**ABOUT THIS EXERCISE**
Pictures are not part of the copy. Set down exactly the lines from the one containing "Wittner Boot Heel Repair" through the last line of the material below.

**RECORDED DATA**
<<<<

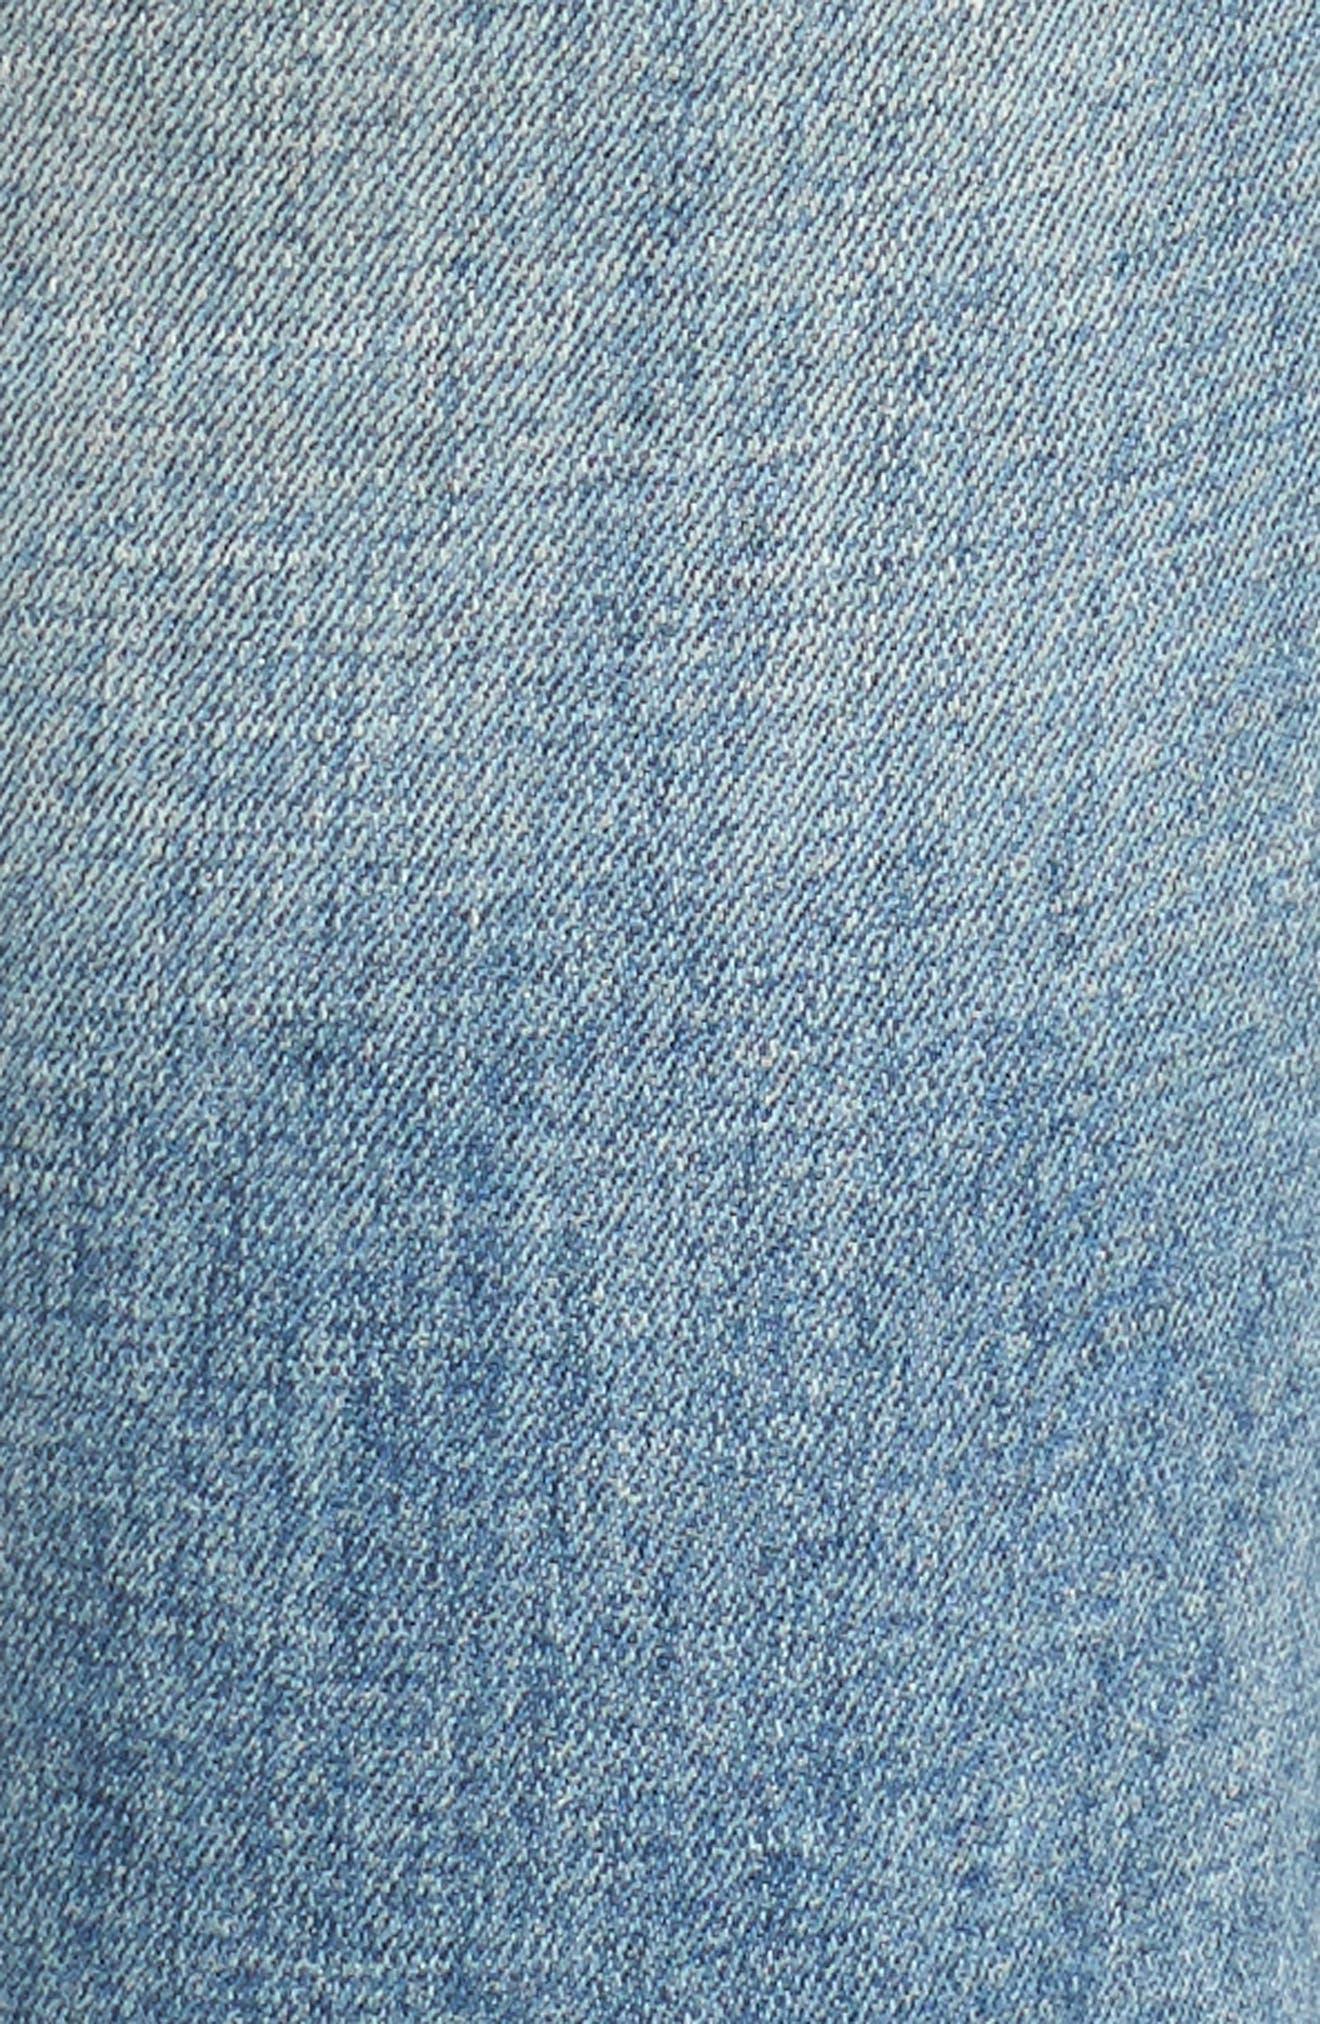 Alternate Image 5  - BLANKNYC Lost & Found Cuffed Straight Leg Jeans
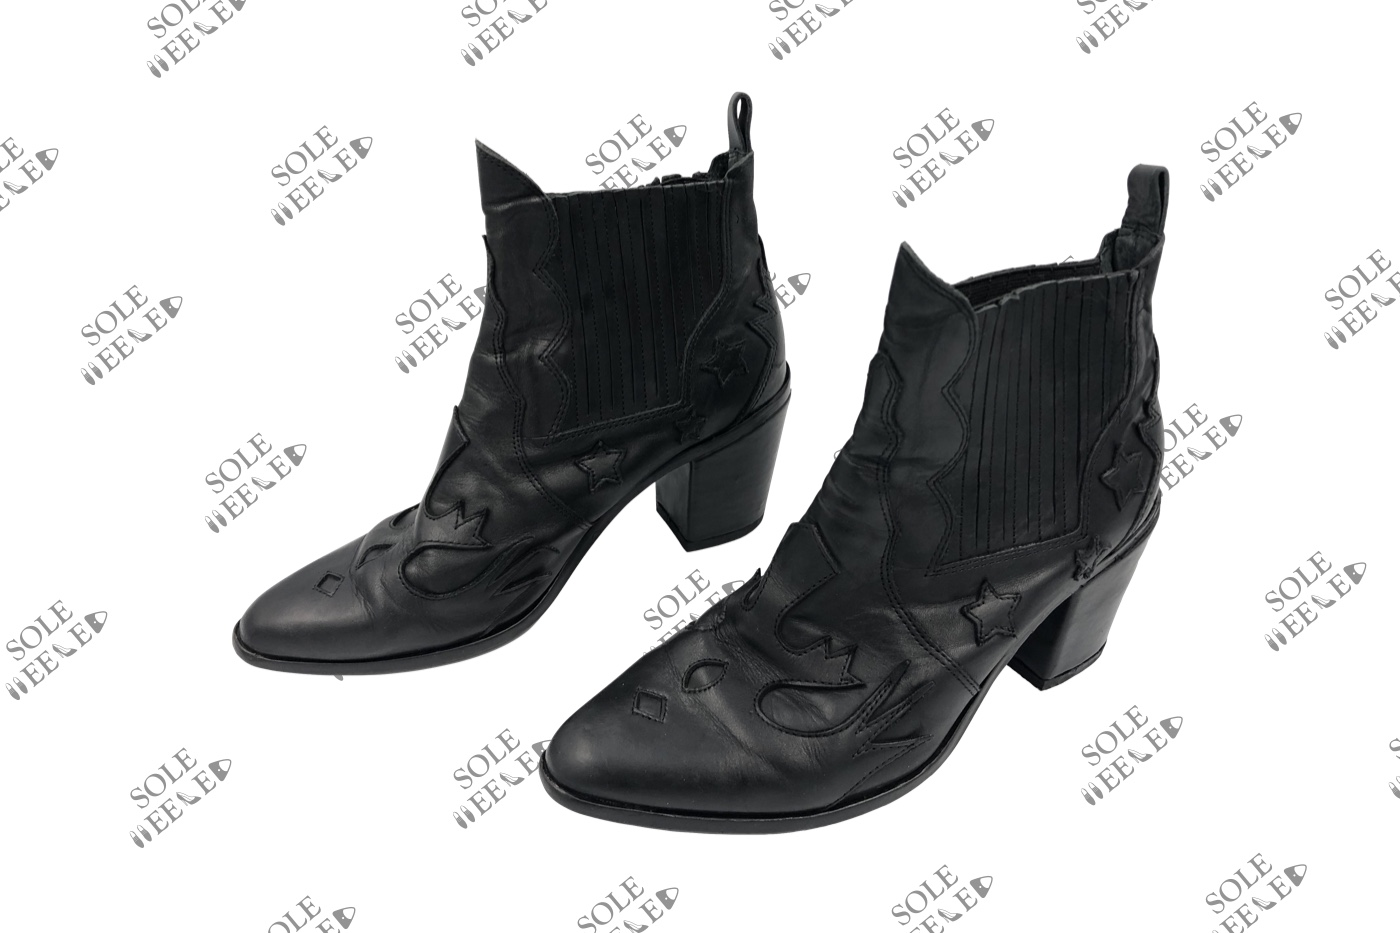 Wittner Boot Heel Repair
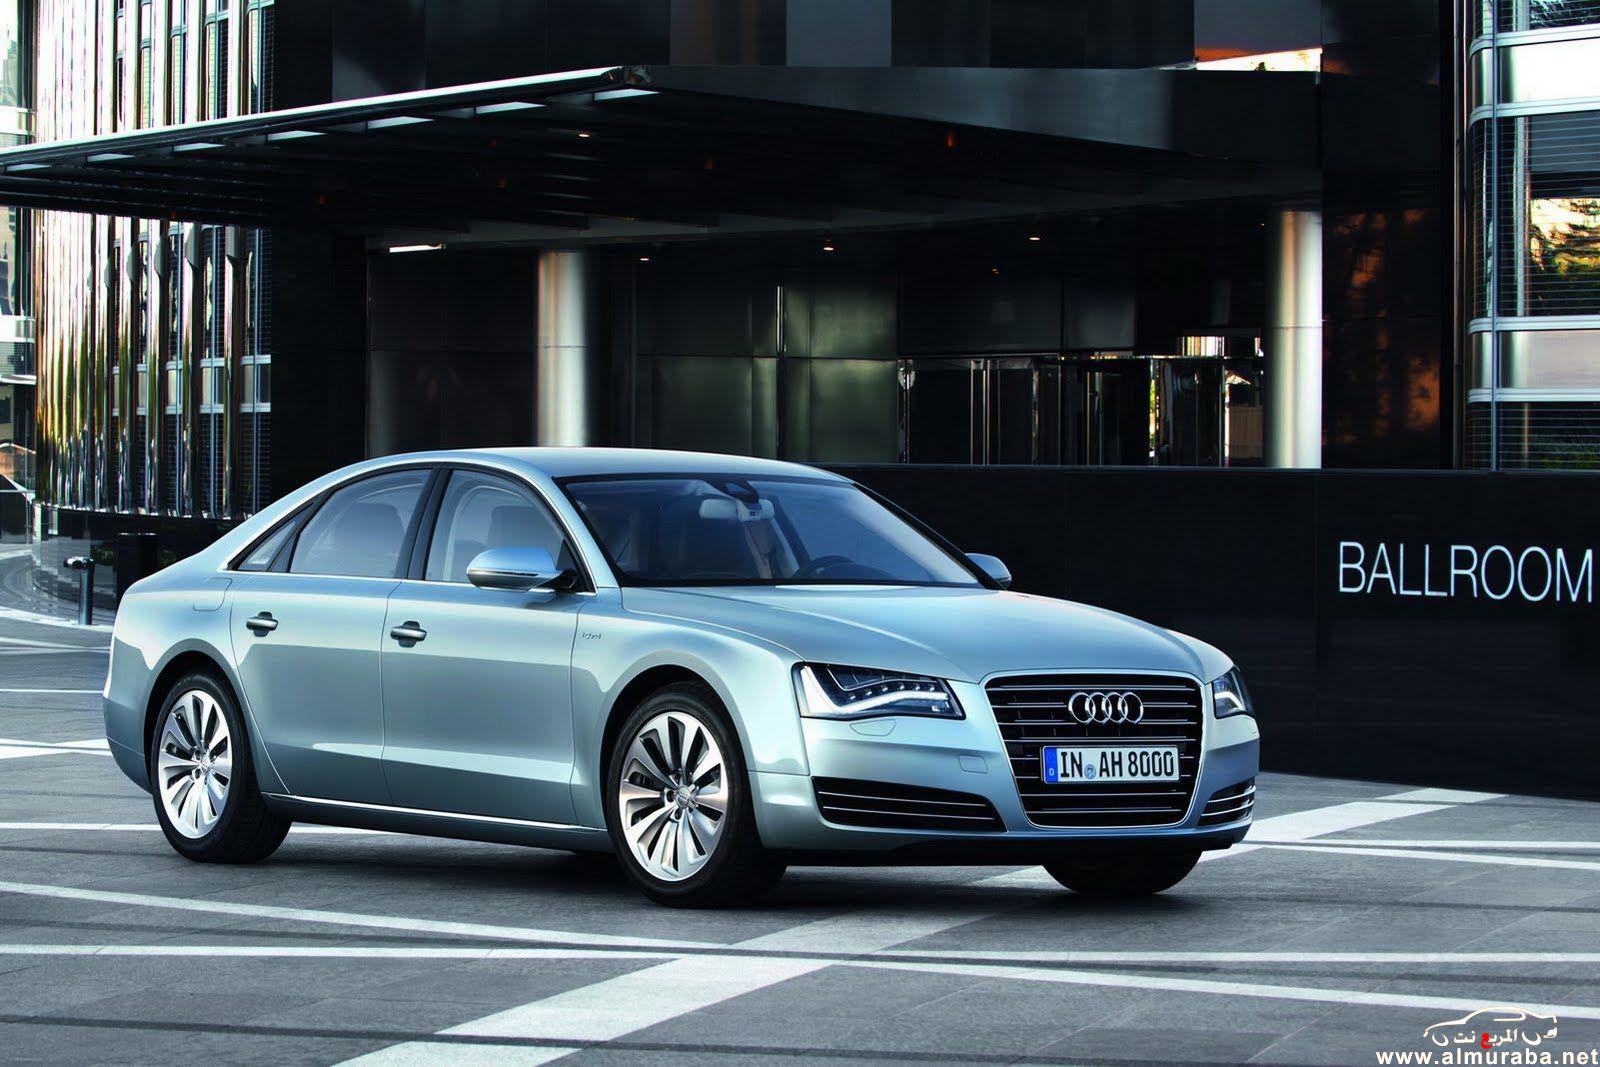 Kekurangan Audi 2012 Tangguh

>>>>

**ANSWER FOR THE TASK**
 Wittner Boot Heel Repair
 Kekurangan Audi 2012 Tangguh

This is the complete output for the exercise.